According to behaviorists at the University of St. Andrews, fish value friendship, choose which fish to adopt as friends (they recognize their chums by both smell and appearance), and decide to swim with them instead of with other fish.
One person who stopped eating fish for ethical reasons is Sylvia Earle, a leading marine biologist and ocean explorer. She knows a thing or two about the denizens of the deep. “I never eat anyone I know personally,” says Earle. “I wouldn’t deliberately eat a grouper any more than I’d eat a cocker spaniel. They’re so good-natured, so curious. You know, fish really are sensitive, they have personalities, they hurt when they are wounded.”

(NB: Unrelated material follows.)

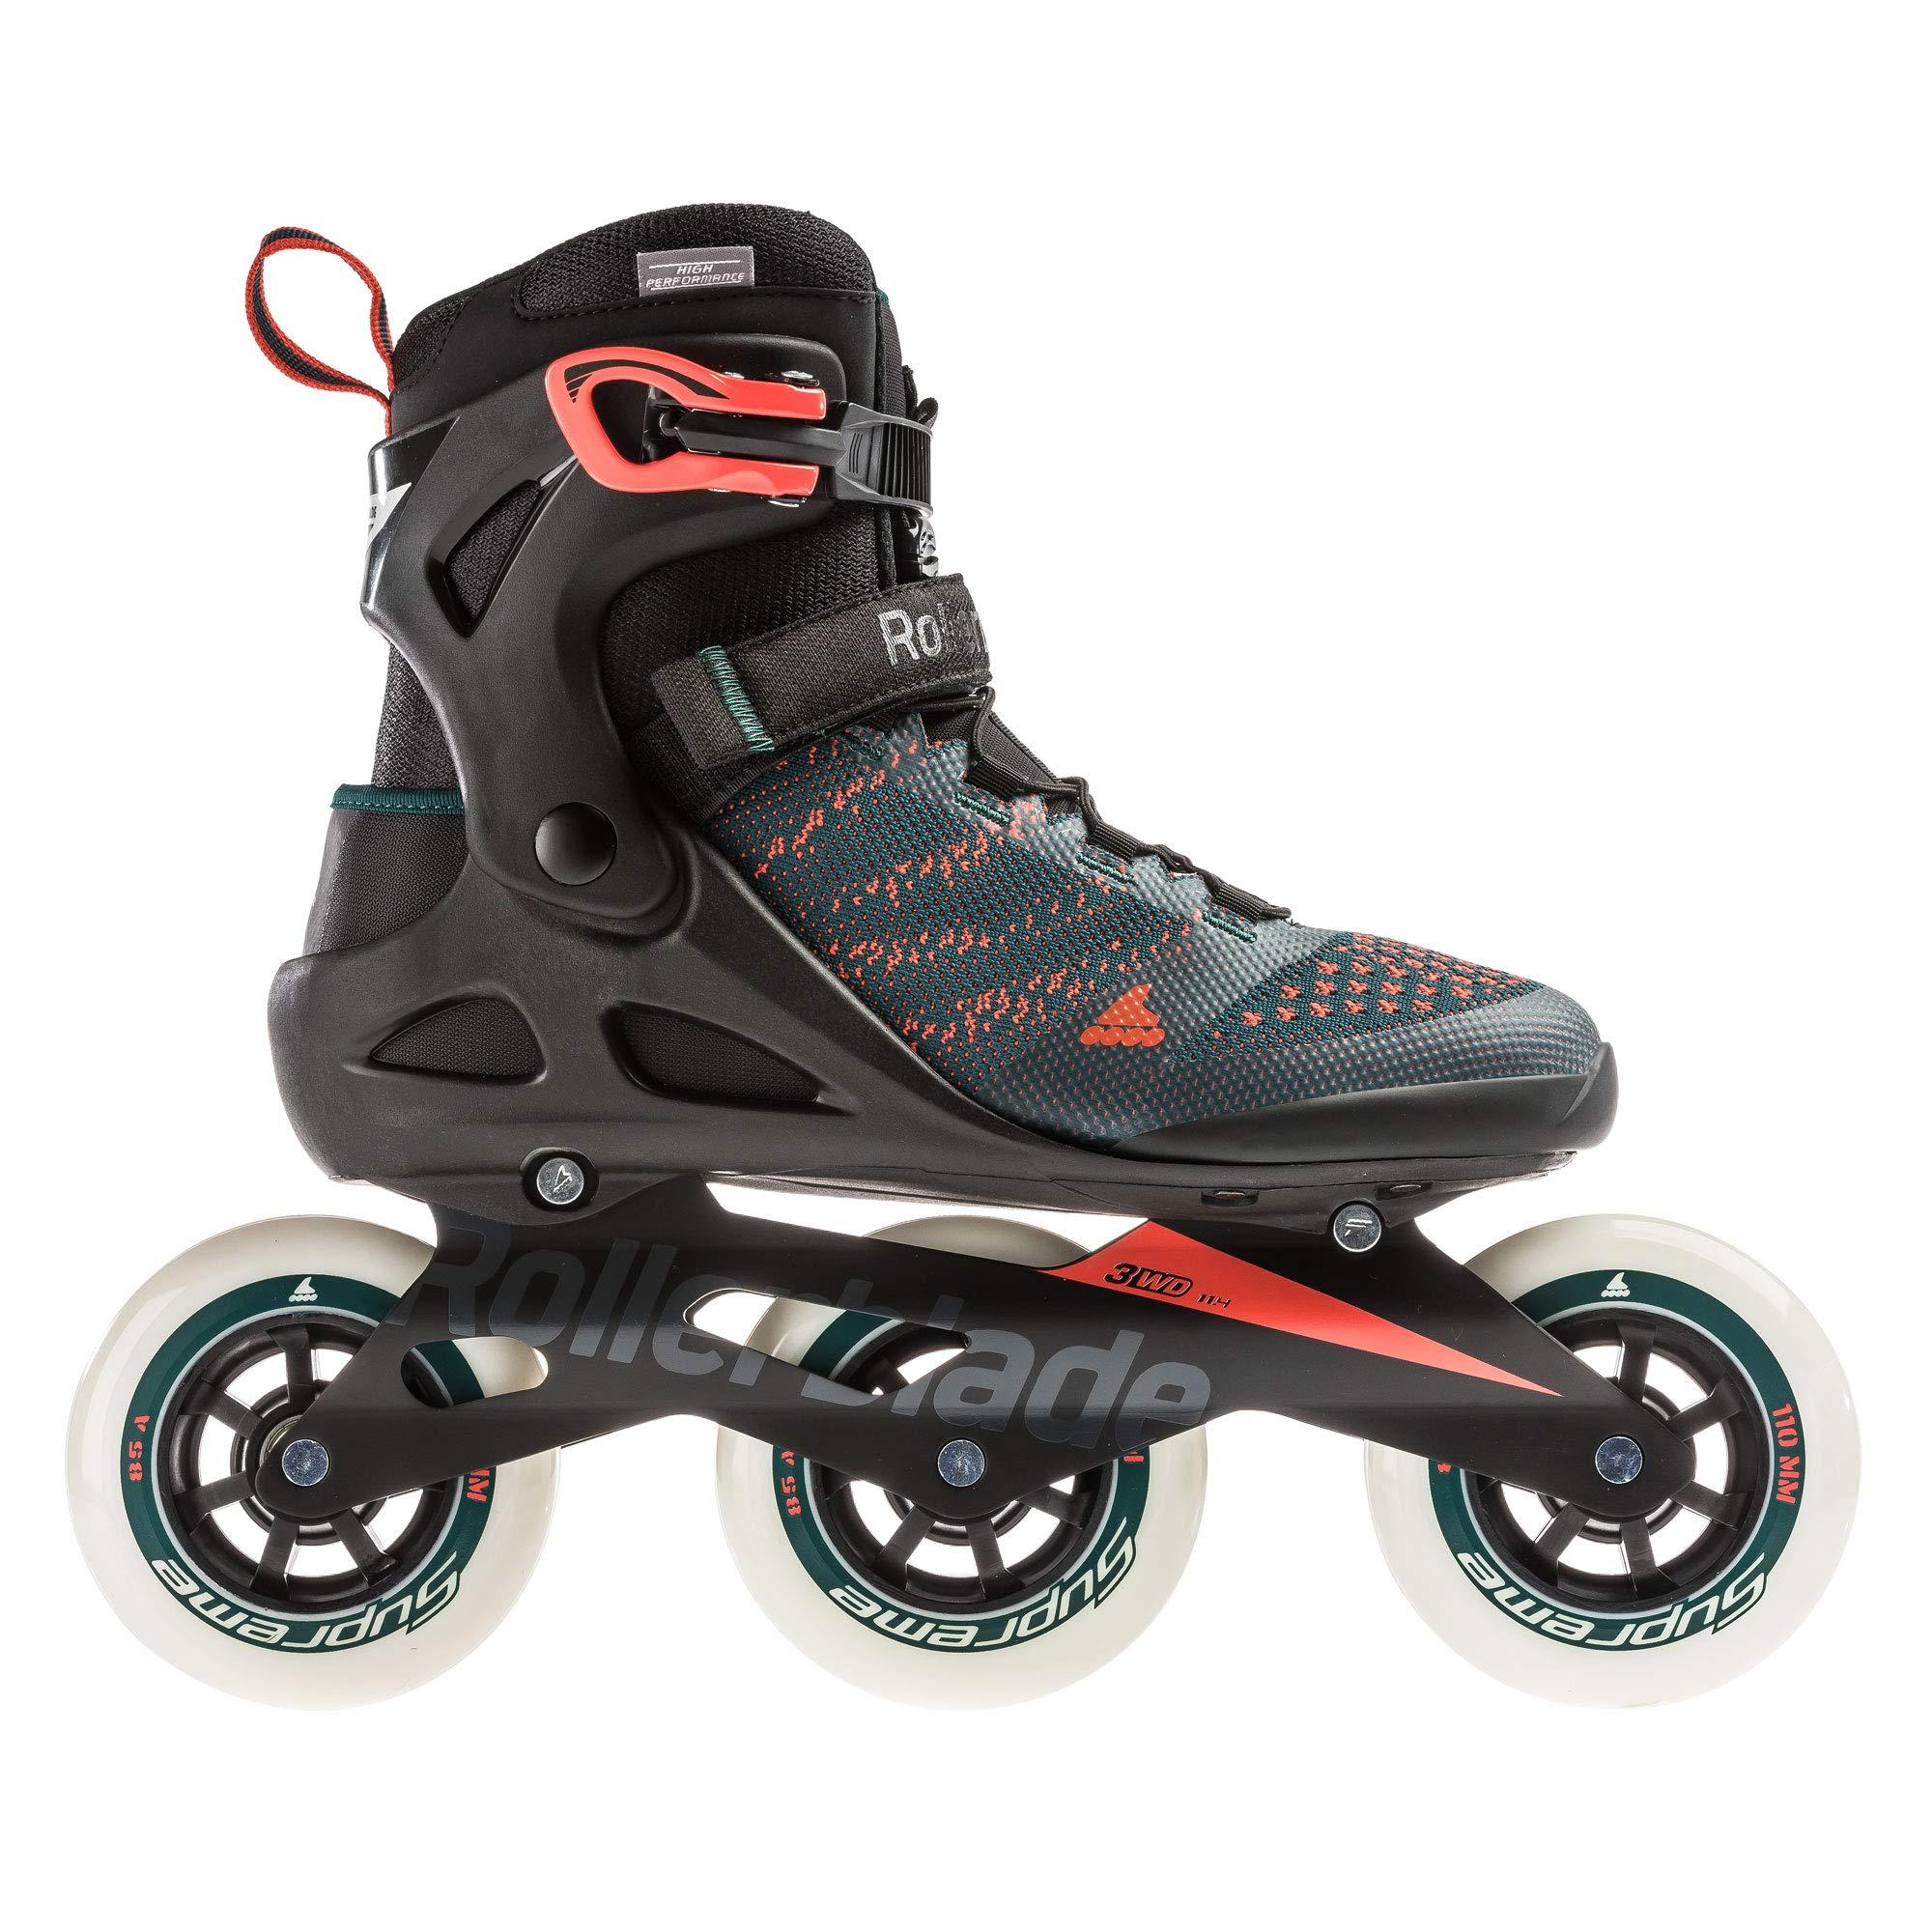 Rollerblade Macroblade 110 3Wd Men's Adult Fitness Inline Skate, Teal Green/Orange Burst, Medium 8

The National Wildlife Federation report on risks of cancer from eating freshwater fish concluded that one weekly meal of a trout from Lake Michigan poses a cancer risk of one in ten. Mercury turned up in 92 percent of all fish tested. According to a report by the General Accounting Office, the seafood industry is dangerously under-regulated. In fact, the Food and Drug Administration doesn’t even bother to test most fish flesh for many well-known chemical and bacterial health hazards. Only 1 to 3 percent of fish imported from other countries is inspected at the border.
Don’t be surprised if Jane ends up dealing with this ethical dilemma in the coming weeks. After reading this post, you’ll know there is much truth in that jest.

I was in China for a two-week trip a few years ago and the food situation there was very challenging. When you are served a meat dish, you have no doubt about whom it used to be. I remember one lunch vividly, in which a small piglet was brought to the table and placed in front of my friend Kim and I. The pig was pretty much intact except it had been obviously cooked and then chopped from head to toe, in vertical slices, but still in its original form… if that makes sense… I couldn’t help but assume that if I were daily confronted with the true source of my pulled pork BBQ in the USA that I would without hesitation become vegan. We make it easy to eat meat in this country because we are so removed from the killing process. I found the Chinese approach much more honest.
This is a photo of one of our pork-free lunches. At every meal you could tell where Kim and I were sitting because we basically lived on Pepsi the entire trip.